以前、GNU Autotoolsを使ってWindows用バイナリーをビルドする方法を紹介しましたが、ここで紹介するのはCMakeを使う方法です。
CMakeでクロスコンパイルする方法はcmake-toolchains(7)に説明があります。CMakeはクロスコンパイル用にCMAKE_TOOLCHAIN_FILE
という変数を用意しています。前述のドキュメントはこの変数を使う方法を説明しています。
ただ、ファイルを作るのは少し面倒なので、ここではコマンドラインオプションでWindows用バイナリーをビルドする方法を紹介します。
用意するもの
Debian GNU/Linux上でWindows用バイナリをビルドするためにはクロスコンパイルする必要があります。そのためにMinGW-w64を使います。MinGW-w64はGCCでWindows用バイナリをビルドするために必要なヘッダーファイルやライブラリなど一式を提供します。
cmakeパッケージとmingw-w64パッケージをインストールします。wineパッケージは動作確認用です。

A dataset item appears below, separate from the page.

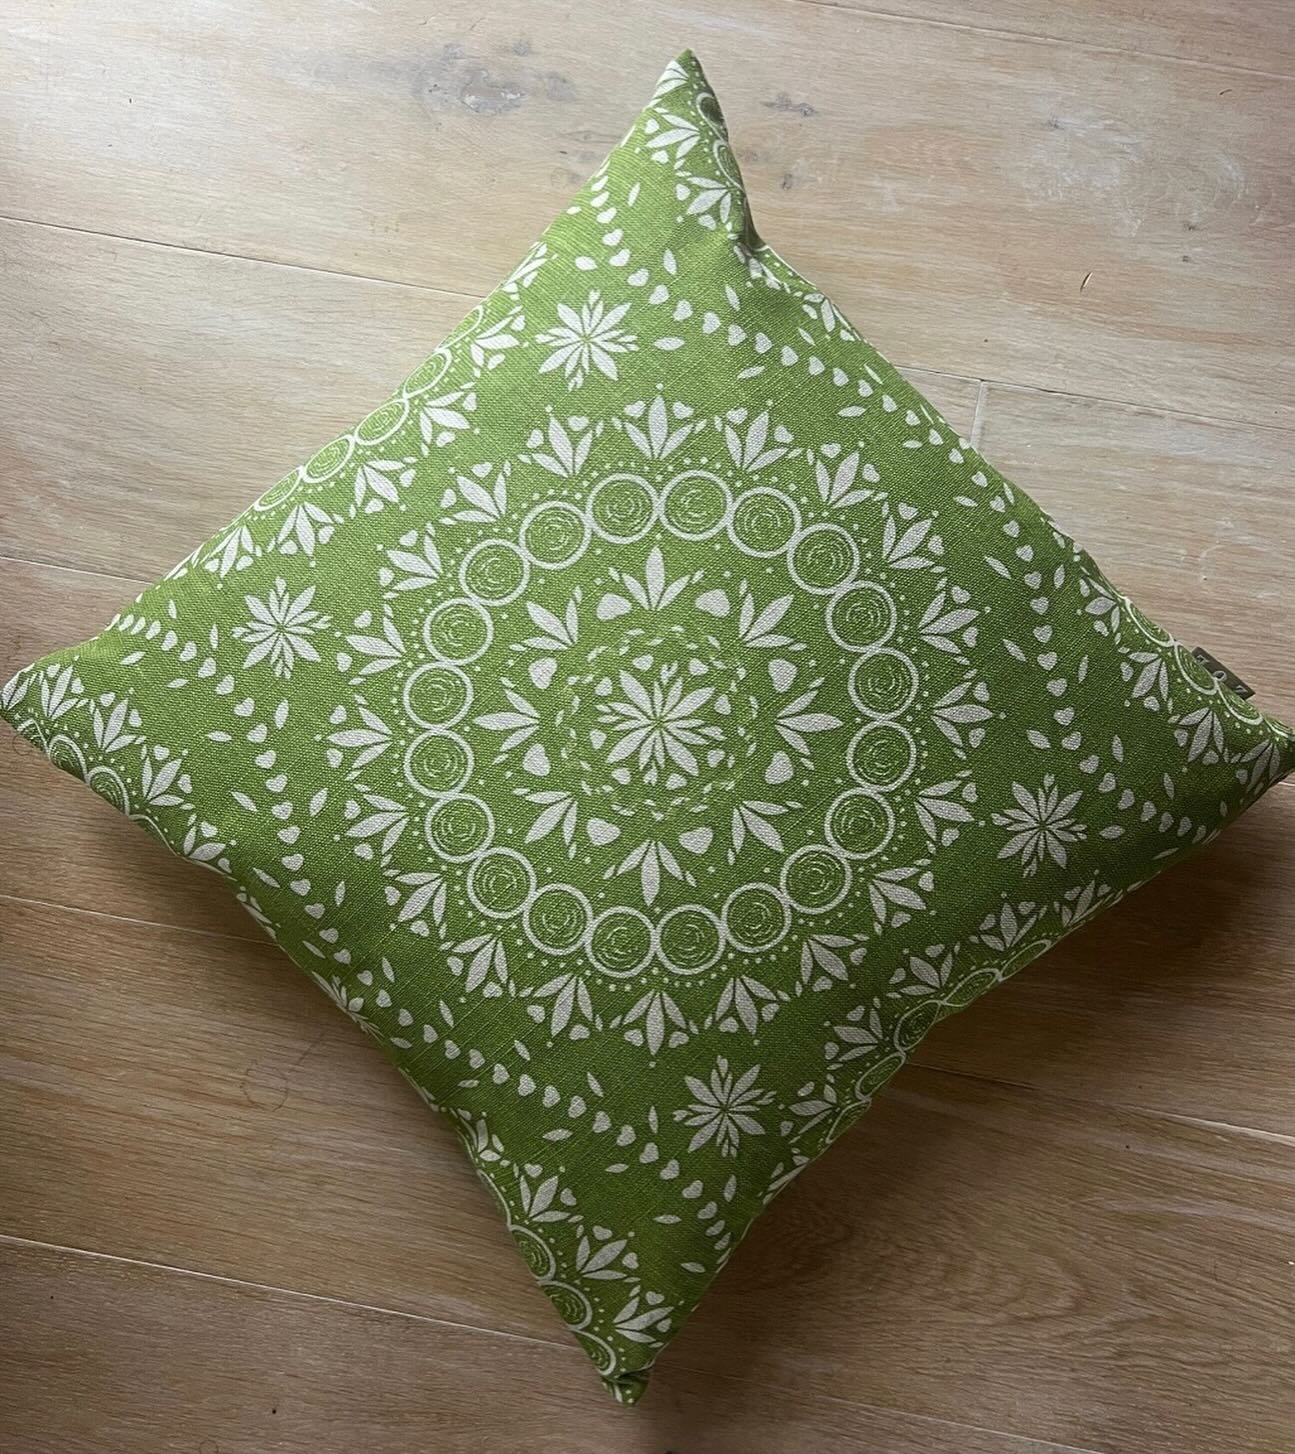 Palma Sol Apple Green cushions are back in stock, perfect for an instant spring colour quick fix! 💚🍏

#zoeglencross #zoeglencrossfabrics #zoeglencrosscushions #greencushions #printedlinen #greeninteriors

% sudo apt install -V cmake mingw-w64 wine
準備はこれで完了です。
ビルド
ここではCMakeでのビルドに対応しているGroongaをクロスコンパイルします。
まず、ソースコードをダウンロードして展開します。
% wget http://packages.groonga.org/source/groonga/groonga-6.1.1.tar.gz
% tar xvf groonga-6.1.1.tar.gz
% cd groonga-6.1.1
CMakeを使うときはソースコードのあるディレクトリーではなく別のディレクトリーをビルドディレクトリーにすることが多いですが、ここでは説明を簡単にするためにソースコードのあるディレクトリーを使います。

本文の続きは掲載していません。